Portfolio | Koehn AI

Acoustic Monitoring for Predictive Maintenance of Turbines

Wed, 04 Jun 2025 00:00:00 +0000

Acoustic Monitoring and Predictive Maintenance in Turbines

Predictive maintenance leverages advanced data analysis and machine learning to monitor equipment health, enabling early detection of emerging faults before they lead to costly downtime or catastrophic failures. By transforming raw sensor data into actionable insights, organizations can optimize maintenance schedules, reduce unplanned outages, and extend the life of critical assets. This proactive approach lowers operational costs while enhancing safety and reliability in demanding industrial environments.

Client Profile and Context
The client is a leading turbine manufacturer with turbines in service. They commissioned a research project to advance predictive maintenance using microphone-based acoustic monitoring. The goal was to explore unsupervised generative methods that learn reference audio spectra conditioned on operating state, using turbine acoustics and operational parameters, so that real acoustic emissions can be compared with modeled spectra, with a particular emphasis on out-of-domain performance.

Challenge The research team needed to develop generative models that represent normal turbine acoustics without relying on labeled fault data. Acoustic information originated from externally fitted microphones and was available as spectrograms with predefined frequency resolution rather than raw audio, paired with internal machine and ambient parameters. Selecting appropriate conditioning variables, such as inlet guide vane position, load and compressor inlet temperature, was essential to keep generated spectra physically plausible across operating regimes. High noise levels and the absence of labeled anomalies made learning and evaluation difficult. The team therefore pursued a robust unsupervised approach aimed at producing realistic reference spectrograms with out-of-domain generalization under varied turbine conditions, establishing the basis for future anomaly detection.

Our Approach and Solution
We began by conducting extensive exploratory data analysis (EDA) on spectrograms derived from externally fitted microphones. Dimensionality reduction, using Principal Component Analysis (PCA), indicated that inlet guide vane position and compressor inlet temperature were the primary drivers of separable operating domains. Data preparation involved selecting frequency bands with optimal signal-to-noise ratios and restricting records to normal operating conditions, with out-of-domain regimes held out for evaluation. Exponential mapping and logarithmic inversion prevented non-physical spectrogram values. Visualizations in Python with Plotly guided our feature-engineering decisions.

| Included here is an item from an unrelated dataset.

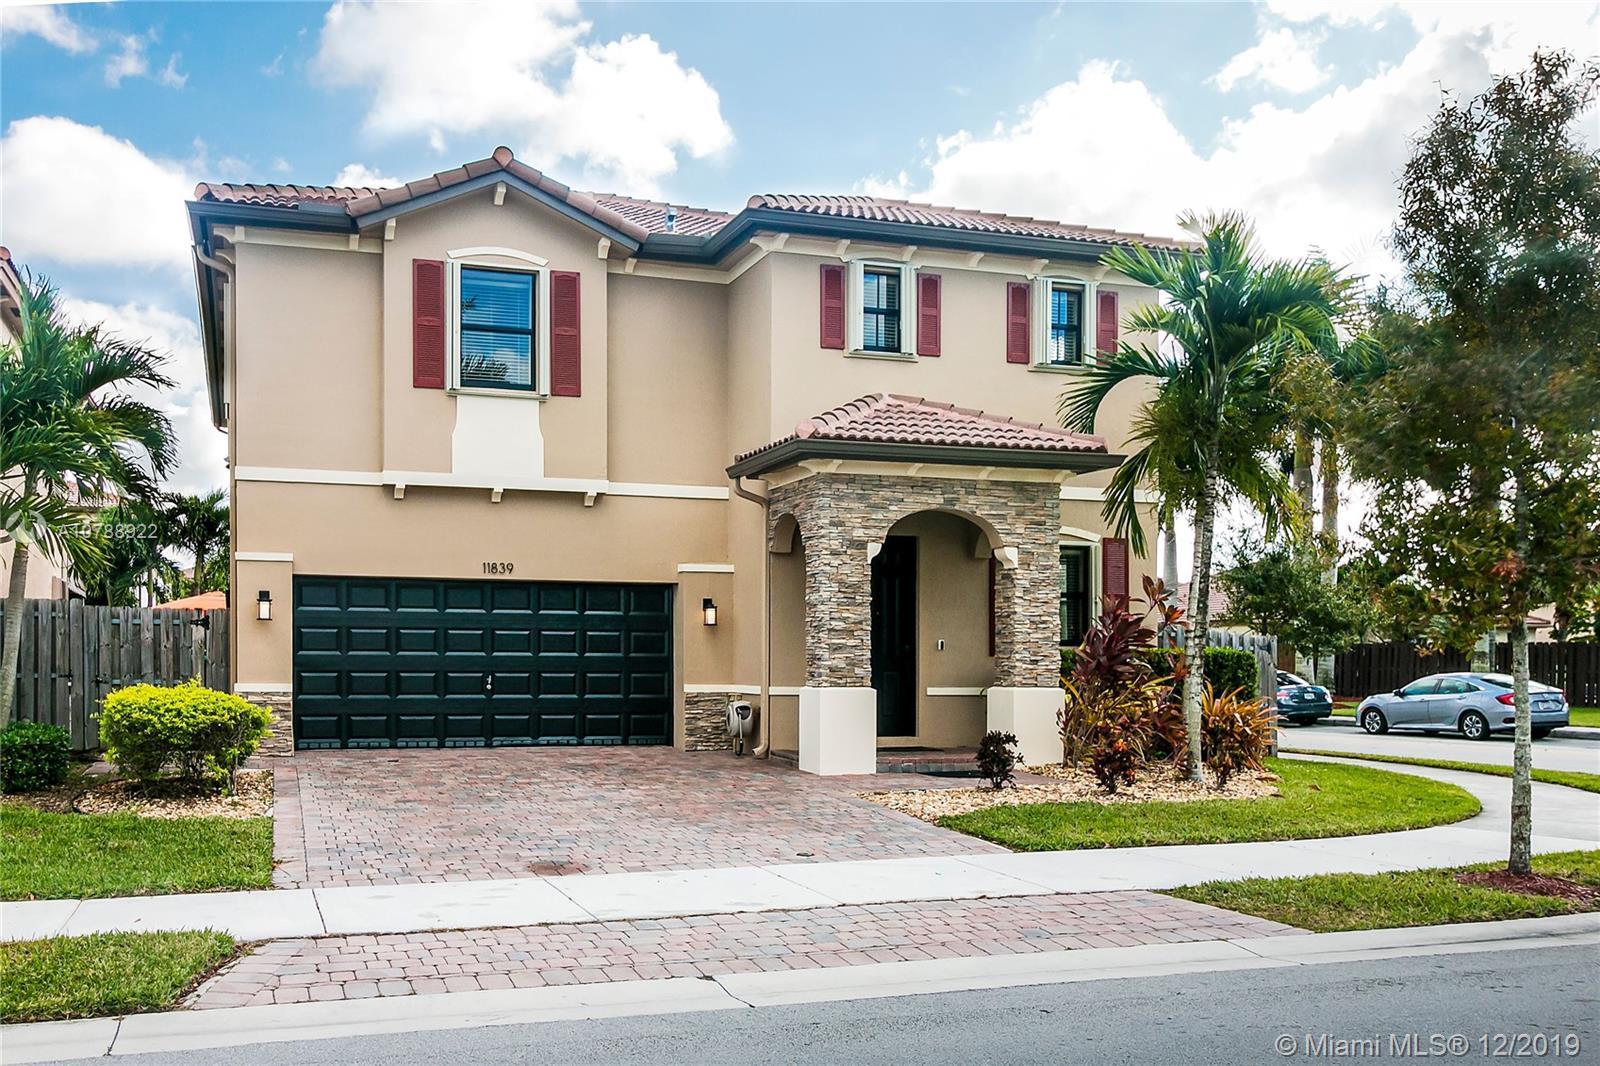 11839 SW 155th Ct, Miami FL 33196

Building on these insights, we developed a Conditional Variational Autoencoder (CVAE) in PyTorch. The CVAE’s convolutional neural network (CNN)–based encoder–decoder architecture was conditioned on key parameters to balance spectrogram reconstruction accuracy and latent-space regularization. Comprehensive grid searches optimized encoder and decoder layer depths, latent-space dimensions, and regularization strength. Iterative training rounds included hypothesis-driven evaluations of in-domain and out-of-domain spectrogram reconstructions. Throughout the project, our team collaborated closely with client experts, reviewing latent-space visualizations and refining conditioning strategies. The final deliverables comprised a trained CVAE for spectrogram generation, a detailed scientific report outlining methodology and findings, and a roadmap for extending the research to real audio anomaly detection (once raw audio is recorded) using pre-trained audio transformers.

We provided

Generative CVAE models trained to reconstruct and generate acoustic spectrograms from microphones under varied turbine conditions.
Comprehensive exploratory analysis and data visualization, enabling clear identification of operational regimes.
Identification and selection of critical machine parameters to ensure robust model conditioning.
A detailed scientific report summarizing methodologies, findings, and actionable recommendations for future anomaly detection.
A strategic roadmap for integrating real audio data once recorded and leveraging state-of-the-art anomalous sound detection methods.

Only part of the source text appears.